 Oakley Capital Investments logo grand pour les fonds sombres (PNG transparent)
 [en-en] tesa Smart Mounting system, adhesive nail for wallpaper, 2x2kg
☆ ☆ ☆ ☆ ☆ ☆ ☆
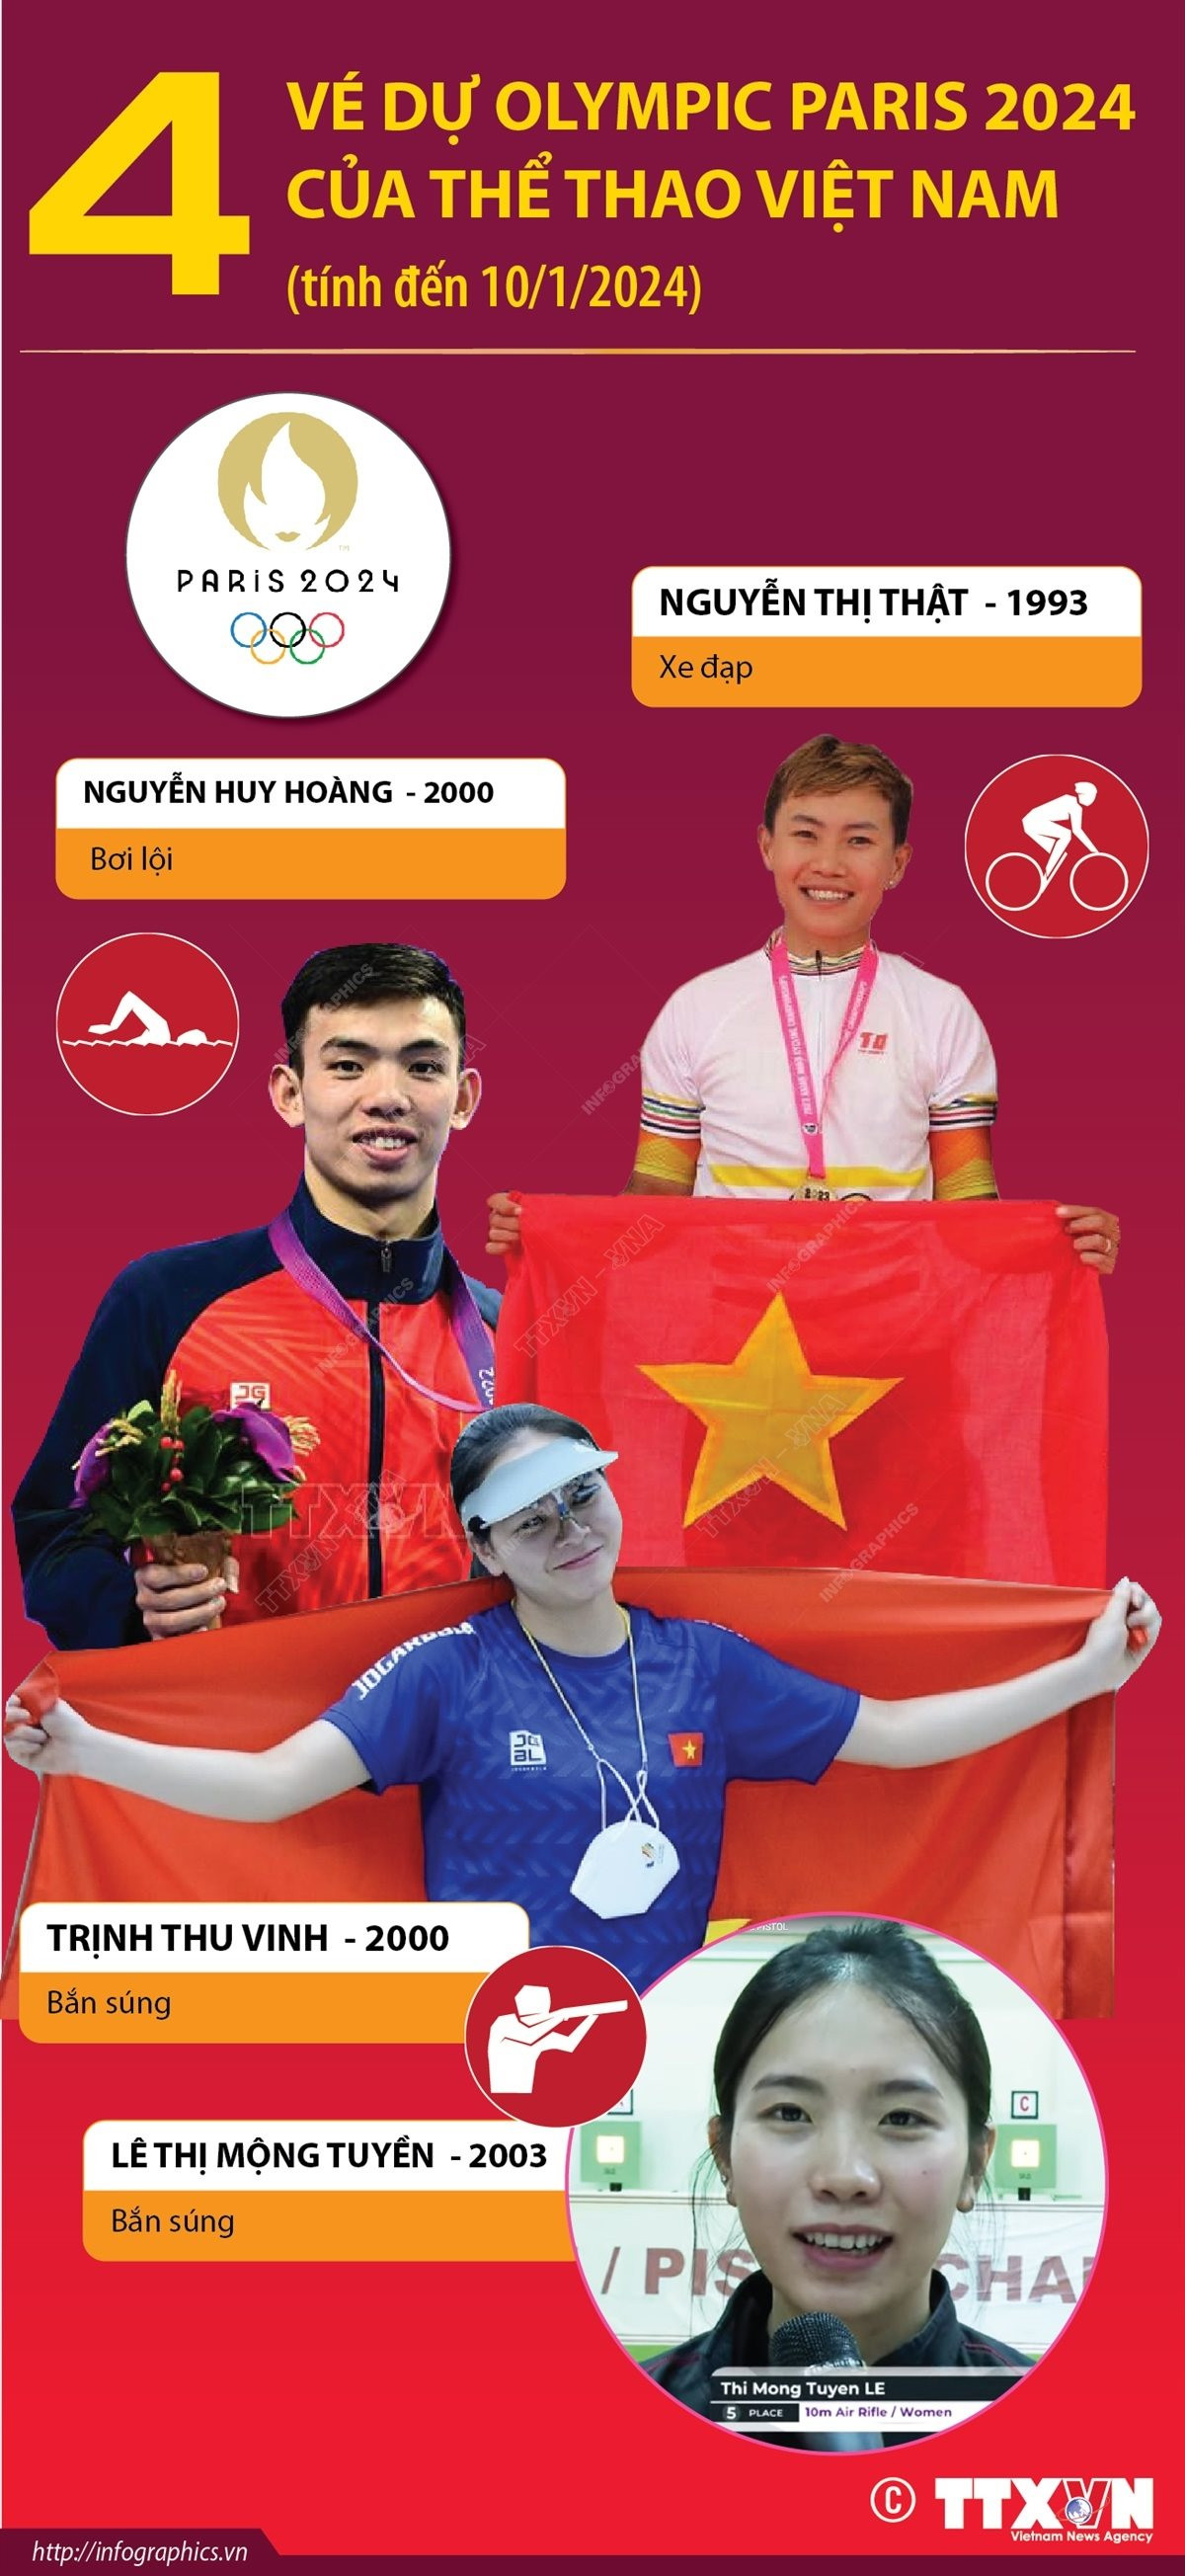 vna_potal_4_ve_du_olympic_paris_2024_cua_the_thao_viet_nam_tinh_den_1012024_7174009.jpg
☆ ☆ ☆ ☆ ☆ ☆ ☆
> [Description of the task] Extract exactly and only the lines above from the line containing "Oakley Capital Investments" through the line containing "[en-en] tesa Smart", both end lines included.

> [Output for this task]
 Oakley Capital Investments logo grand pour les fonds sombres (PNG transparent)
 [en-en] tesa Smart Mounting system, adhesive nail for wallpaper, 2x2kg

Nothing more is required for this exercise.